Warren Buffet Returns of the fund and Index Fund

The Warren Buffett bet with Hedge Fund Manager

In Berkshire’s letter of2016 on Page 21, Warren Buffet talked about “The Bet” (or how your money finds its way to Wall Street). 

In Berkshire’s 2005 annual report, I argued that active investment management by professionals – in aggregate – would over a period of years underperform the returns achieved by rank amateurs who simply sat still.

Buffett’s contention was that an S&P 500 index fund would outperform a hand-picked portfolio of hedge funds over 10 years, due to fees, costs, and expenses, So basically The bet pit two basic investing philosophies against each other: passive and active investing.

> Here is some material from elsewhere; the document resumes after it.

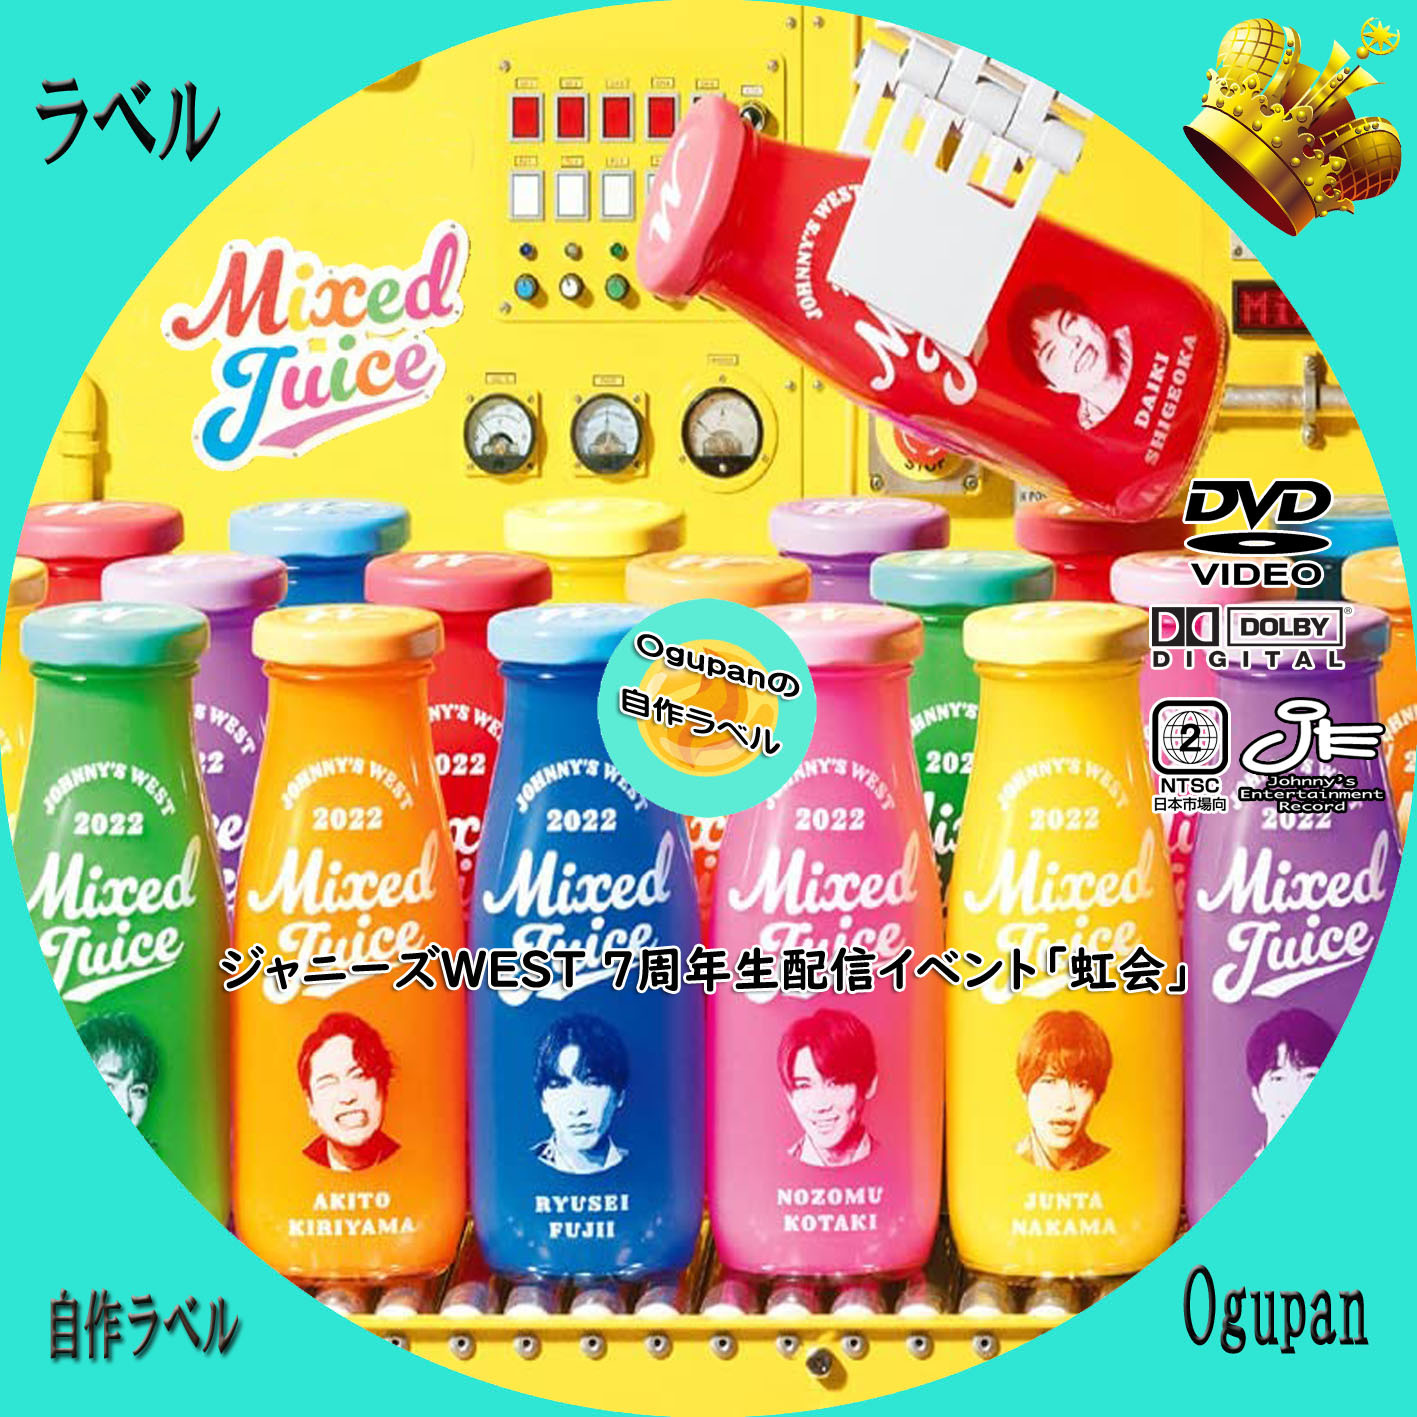 ジャニーズWEST Mixed Juice 神山智洋 キャップ - アイドル
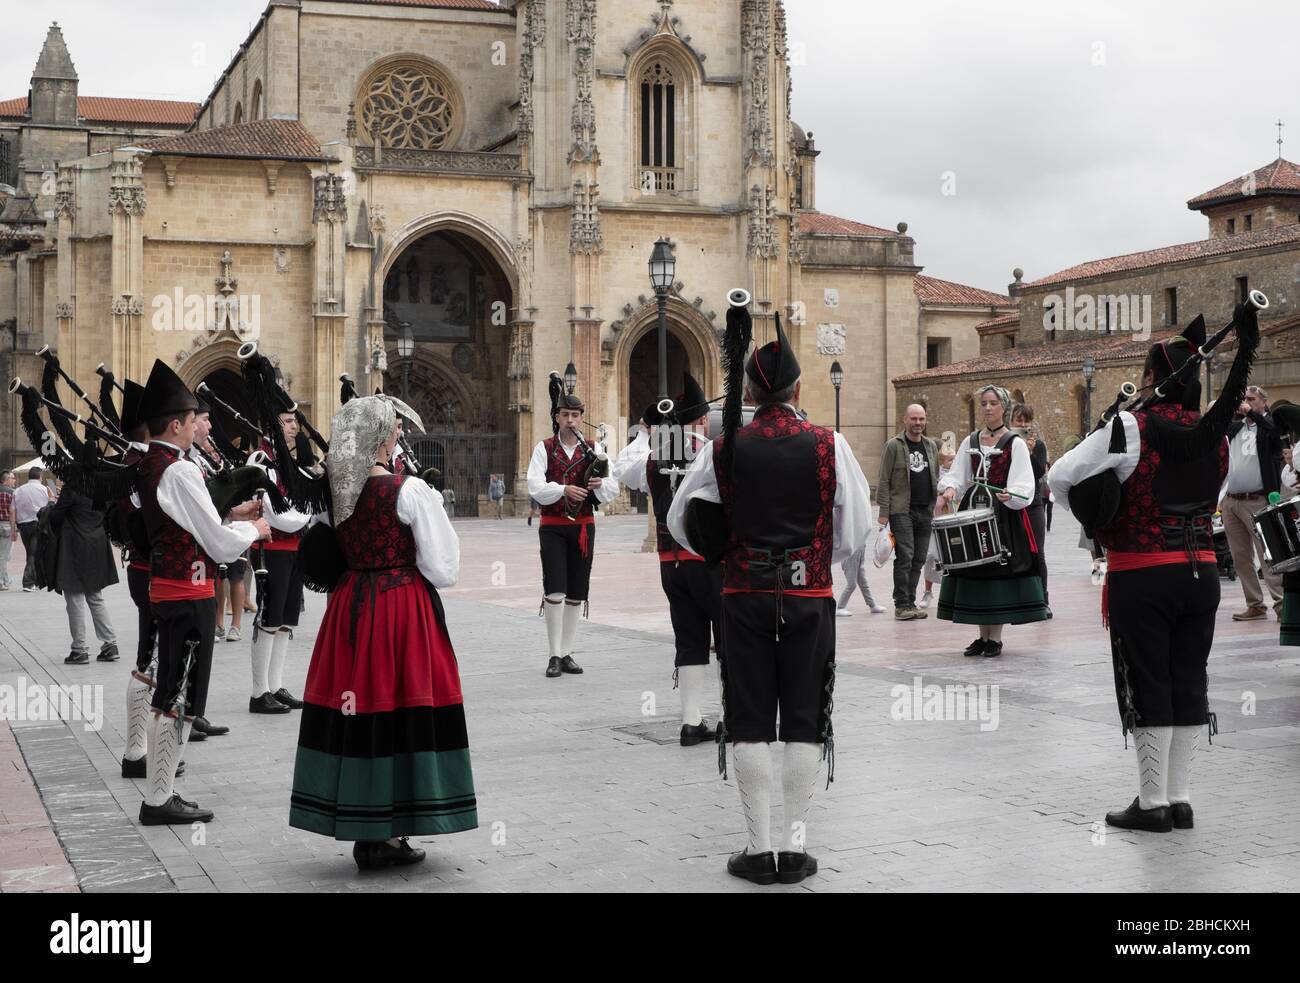 Traje tradicional asturias fotografías e imágenes de alta resolución - Alamy

Ted Seides co-manager of Protégé Partners, an asset manager that had raised money from limited partners to form a fund-of-funds, stepped up to challenge.

The bet officially commenced on January 1st, 2008.  The names of the funds were not disclosed.

The prize money was invested in zero-coupon Treasury bonds(the sides initially put $640,000 (split evenly)) that were structured to rise to $1 million over 10 years. But the financial crisis saw interest rates plunge and sent the bonds up to nearly $1 million in 2012.  By mutual agreement, the bettors sold the bonds and bought (actively managed) Berkshire B-shares, which were worth $1.4 million as of mid-February 2015.

The Protégé co-founder, who left in the fund in 2015, conceded defeat ahead of the contest’s scheduled wrap-up on December 31, 2017, writing, “for all intents and purposes, the game is over. I lost.”

As decided in the original bet, the money went to charity. Buffett’s charity pick was Girls Inc., an organization that supports young girls in Omaha through after-school and summer programs.

Warren Buffet even went ahead to say that If a statue is ever erected to honor the person who has done the most for American investors, the handsdown choice should be Jack Bogle. For decades, Jack has urged investors to invest in ultra-low-cost index funds.

Many feel that, If the period running from the beginning of 2008 through 2017 had seen a second swoon, Protégé’s co-founder might be writing sassy declarations of victory rather than what about it. While this battle has been won, the active-passive war will rage on.

Excerpts from Warren Buffett’s 2016 Berkshires letter are given below.

In this section, you will encounter, early on, the story of an investment bet I made nine years ago and, next, some strong opinions I have about investing

In Berkshire’s 2005 annual report, I argued that active investment management by professionals – in aggregate – would over a period of years underperform the returns achieved by rank amateurs who simply sat still. I explained that the massive fees levied by a variety of “helpers” would leave their clients – again in aggregate – worse off than if the amateurs simply invested in an unmanaged low-cost index fund.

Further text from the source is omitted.